▸ ASSIGNMENT: Output an exact reproduction of the data.

▸ SOURCE INFORMATION:
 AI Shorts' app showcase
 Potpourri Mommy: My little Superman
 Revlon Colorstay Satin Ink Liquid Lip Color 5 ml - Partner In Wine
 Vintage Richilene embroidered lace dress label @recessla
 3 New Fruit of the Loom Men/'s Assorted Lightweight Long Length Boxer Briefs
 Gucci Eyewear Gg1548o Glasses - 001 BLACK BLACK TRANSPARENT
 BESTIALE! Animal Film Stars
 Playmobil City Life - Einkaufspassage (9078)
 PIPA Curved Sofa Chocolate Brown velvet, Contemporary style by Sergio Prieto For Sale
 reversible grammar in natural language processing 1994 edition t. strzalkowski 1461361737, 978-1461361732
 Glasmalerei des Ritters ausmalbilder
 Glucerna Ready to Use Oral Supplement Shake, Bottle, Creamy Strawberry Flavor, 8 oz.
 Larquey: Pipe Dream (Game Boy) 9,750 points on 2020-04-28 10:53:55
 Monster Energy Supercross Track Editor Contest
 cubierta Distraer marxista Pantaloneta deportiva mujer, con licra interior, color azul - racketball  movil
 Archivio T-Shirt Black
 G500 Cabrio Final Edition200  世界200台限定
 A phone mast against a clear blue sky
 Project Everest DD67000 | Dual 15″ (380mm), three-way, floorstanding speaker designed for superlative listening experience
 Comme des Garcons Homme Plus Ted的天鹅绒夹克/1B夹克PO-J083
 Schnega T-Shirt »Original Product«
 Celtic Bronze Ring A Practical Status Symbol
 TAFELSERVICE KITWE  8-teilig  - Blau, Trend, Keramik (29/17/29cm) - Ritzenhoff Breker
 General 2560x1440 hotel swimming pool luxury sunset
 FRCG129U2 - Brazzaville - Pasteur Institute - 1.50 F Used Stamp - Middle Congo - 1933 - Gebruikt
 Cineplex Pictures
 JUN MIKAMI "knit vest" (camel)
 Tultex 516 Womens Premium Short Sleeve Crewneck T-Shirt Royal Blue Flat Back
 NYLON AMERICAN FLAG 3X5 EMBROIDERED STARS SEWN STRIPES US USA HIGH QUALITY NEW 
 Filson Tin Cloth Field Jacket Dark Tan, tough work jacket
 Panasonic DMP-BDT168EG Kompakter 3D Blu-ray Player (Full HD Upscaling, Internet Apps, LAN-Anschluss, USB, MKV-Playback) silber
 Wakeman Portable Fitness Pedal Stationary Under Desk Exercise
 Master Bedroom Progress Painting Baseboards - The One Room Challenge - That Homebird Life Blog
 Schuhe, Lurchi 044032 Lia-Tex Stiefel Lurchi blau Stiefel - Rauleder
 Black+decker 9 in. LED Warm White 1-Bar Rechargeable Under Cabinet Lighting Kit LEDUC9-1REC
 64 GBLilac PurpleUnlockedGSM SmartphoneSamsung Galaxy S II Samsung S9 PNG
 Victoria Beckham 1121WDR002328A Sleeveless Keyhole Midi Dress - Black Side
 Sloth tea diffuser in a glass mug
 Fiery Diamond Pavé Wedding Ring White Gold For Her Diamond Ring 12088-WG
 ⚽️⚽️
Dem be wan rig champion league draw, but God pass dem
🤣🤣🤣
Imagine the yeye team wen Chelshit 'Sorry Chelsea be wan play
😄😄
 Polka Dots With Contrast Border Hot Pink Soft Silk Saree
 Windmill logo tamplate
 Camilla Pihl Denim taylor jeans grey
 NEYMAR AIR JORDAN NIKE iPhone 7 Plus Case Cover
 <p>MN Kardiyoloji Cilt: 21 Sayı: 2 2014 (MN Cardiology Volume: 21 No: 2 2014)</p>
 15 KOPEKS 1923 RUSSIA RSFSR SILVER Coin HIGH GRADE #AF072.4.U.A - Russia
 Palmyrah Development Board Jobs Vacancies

▸ RESULT FOR THIS EXERCISE:
 AI Shorts' app showcase
 Potpourri Mommy: My little Superman
 Revlon Colorstay Satin Ink Liquid Lip Color 5 ml - Partner In Wine
 Vintage Richilene embroidered lace dress label @recessla
 3 New Fruit of the Loom Men/'s Assorted Lightweight Long Length Boxer Briefs
 Gucci Eyewear Gg1548o Glasses - 001 BLACK BLACK TRANSPARENT
 BESTIALE! Animal Film Stars
 Playmobil City Life - Einkaufspassage (9078)
 PIPA Curved Sofa Chocolate Brown velvet, Contemporary style by Sergio Prieto For Sale
 reversible grammar in natural language processing 1994 edition t. strzalkowski 1461361737, 978-1461361732
 Glasmalerei des Ritters ausmalbilder
 Glucerna Ready to Use Oral Supplement Shake, Bottle, Creamy Strawberry Flavor, 8 oz.
 Larquey: Pipe Dream (Game Boy) 9,750 points on 2020-04-28 10:53:55
 Monster Energy Supercross Track Editor Contest
 cubierta Distraer marxista Pantaloneta deportiva mujer, con licra interior, color azul - racketball  movil
 Archivio T-Shirt Black
 G500 Cabrio Final Edition200  世界200台限定
 A phone mast against a clear blue sky
 Project Everest DD67000 | Dual 15″ (380mm), three-way, floorstanding speaker designed for superlative listening experience
 Comme des Garcons Homme Plus Ted的天鹅绒夹克/1B夹克PO-J083
 Schnega T-Shirt »Original Product«
 Celtic Bronze Ring A Practical Status Symbol
 TAFELSERVICE KITWE  8-teilig  - Blau, Trend, Keramik (29/17/29cm) - Ritzenhoff Breker
 General 2560x1440 hotel swimming pool luxury sunset
 FRCG129U2 - Brazzaville - Pasteur Institute - 1.50 F Used Stamp - Middle Congo - 1933 - Gebruikt
 Cineplex Pictures
 JUN MIKAMI "knit vest" (camel)
 Tultex 516 Womens Premium Short Sleeve Crewneck T-Shirt Royal Blue Flat Back
 NYLON AMERICAN FLAG 3X5 EMBROIDERED STARS SEWN STRIPES US USA HIGH QUALITY NEW 
 Filson Tin Cloth Field Jacket Dark Tan, tough work jacket
 Panasonic DMP-BDT168EG Kompakter 3D Blu-ray Player (Full HD Upscaling, Internet Apps, LAN-Anschluss, USB, MKV-Playback) silber
 Wakeman Portable Fitness Pedal Stationary Under Desk Exercise
 Master Bedroom Progress Painting Baseboards - The One Room Challenge - That Homebird Life Blog
 Schuhe, Lurchi 044032 Lia-Tex Stiefel Lurchi blau Stiefel - Rauleder
 Black+decker 9 in. LED Warm White 1-Bar Rechargeable Under Cabinet Lighting Kit LEDUC9-1REC
 64 GBLilac PurpleUnlockedGSM SmartphoneSamsung Galaxy S II Samsung S9 PNG
 Victoria Beckham 1121WDR002328A Sleeveless Keyhole Midi Dress - Black Side
 Sloth tea diffuser in a glass mug
 Fiery Diamond Pavé Wedding Ring White Gold For Her Diamond Ring 12088-WG
 ⚽️⚽️
Dem be wan rig champion league draw, but God pass dem
🤣🤣🤣
Imagine the yeye team wen Chelshit 'Sorry Chelsea be wan play
😄😄
 Polka Dots With Contrast Border Hot Pink Soft Silk Saree
 Windmill logo tamplate
 Camilla Pihl Denim taylor jeans grey
 NEYMAR AIR JORDAN NIKE iPhone 7 Plus Case Cover
 <p>MN Kardiyoloji Cilt: 21 Sayı: 2 2014 (MN Cardiology Volume: 21 No: 2 2014)</p>
 15 KOPEKS 1923 RUSSIA RSFSR SILVER Coin HIGH GRADE #AF072.4.U.A - Russia
 Palmyrah Development Board Jobs Vacancies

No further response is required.